Task objective:
From the data below, return the exact lines starting at the line containing "maglietta donna a" and ending at the line containing "Set of 2 Zero", both included, and nothing else.

Supplied records:
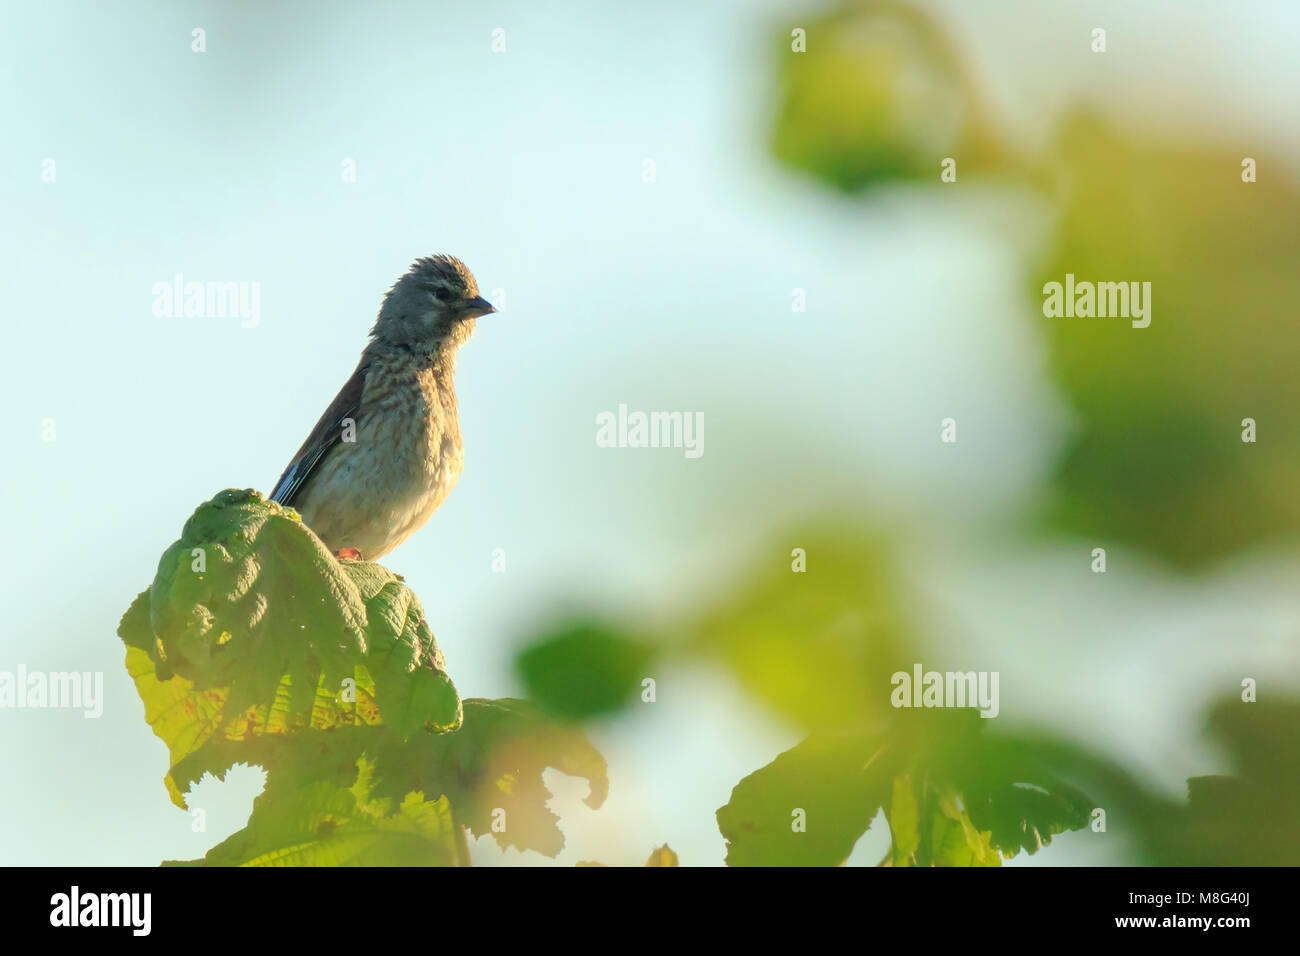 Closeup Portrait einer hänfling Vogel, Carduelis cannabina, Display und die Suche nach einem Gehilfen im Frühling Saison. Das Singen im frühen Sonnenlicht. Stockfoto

---

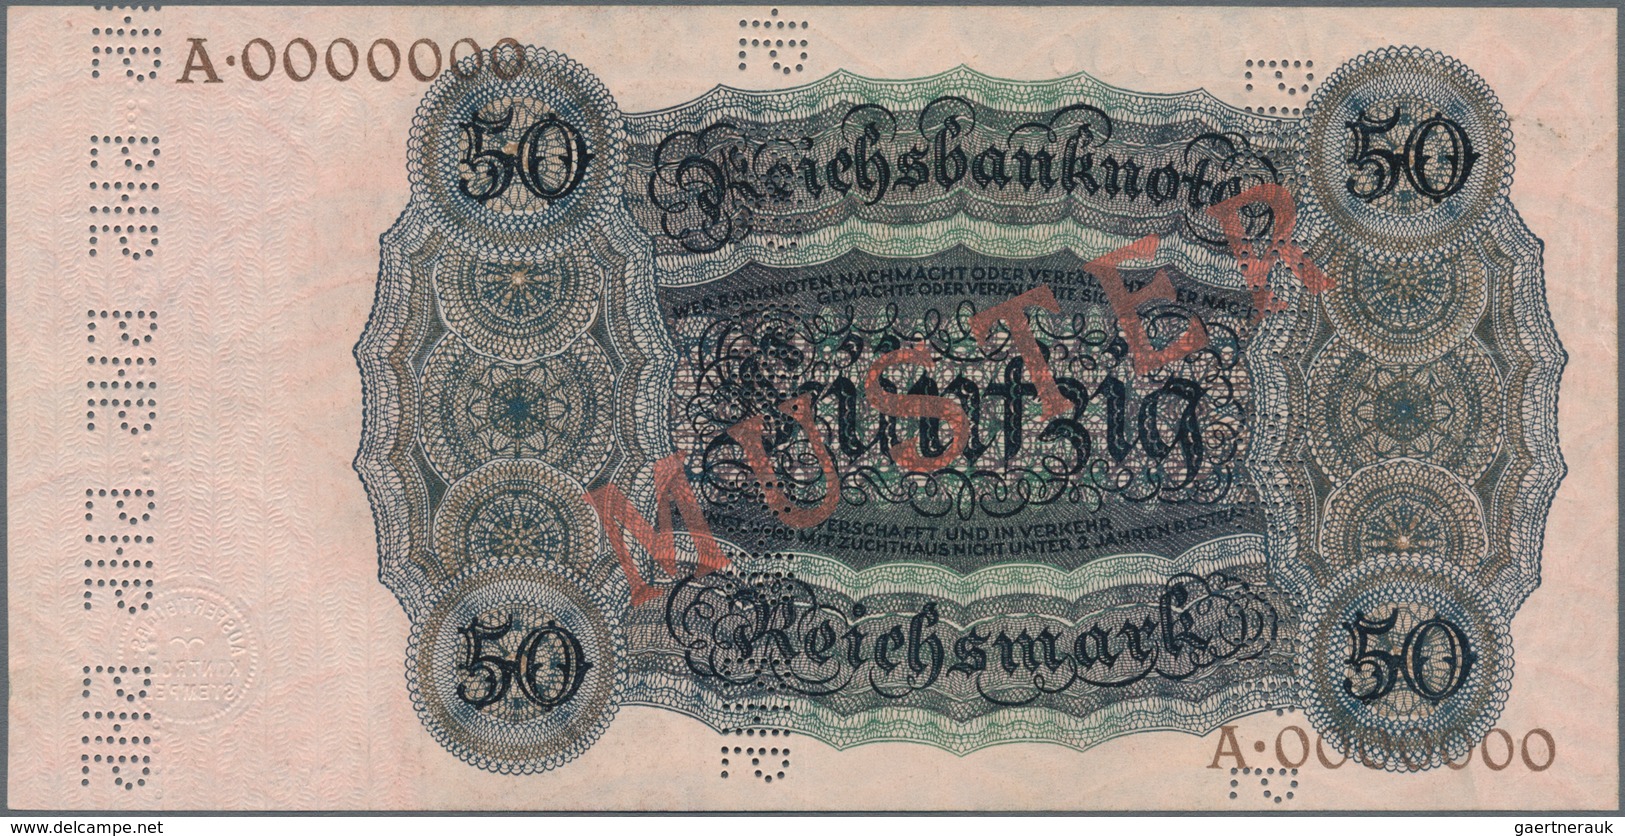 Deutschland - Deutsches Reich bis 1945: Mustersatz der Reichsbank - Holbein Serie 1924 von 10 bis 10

--

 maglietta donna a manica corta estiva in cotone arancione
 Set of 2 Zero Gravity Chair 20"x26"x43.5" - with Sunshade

Problem solution:
 maglietta donna a manica corta estiva in cotone arancione
 Set of 2 Zero Gravity Chair 20"x26"x43.5" - with Sunshade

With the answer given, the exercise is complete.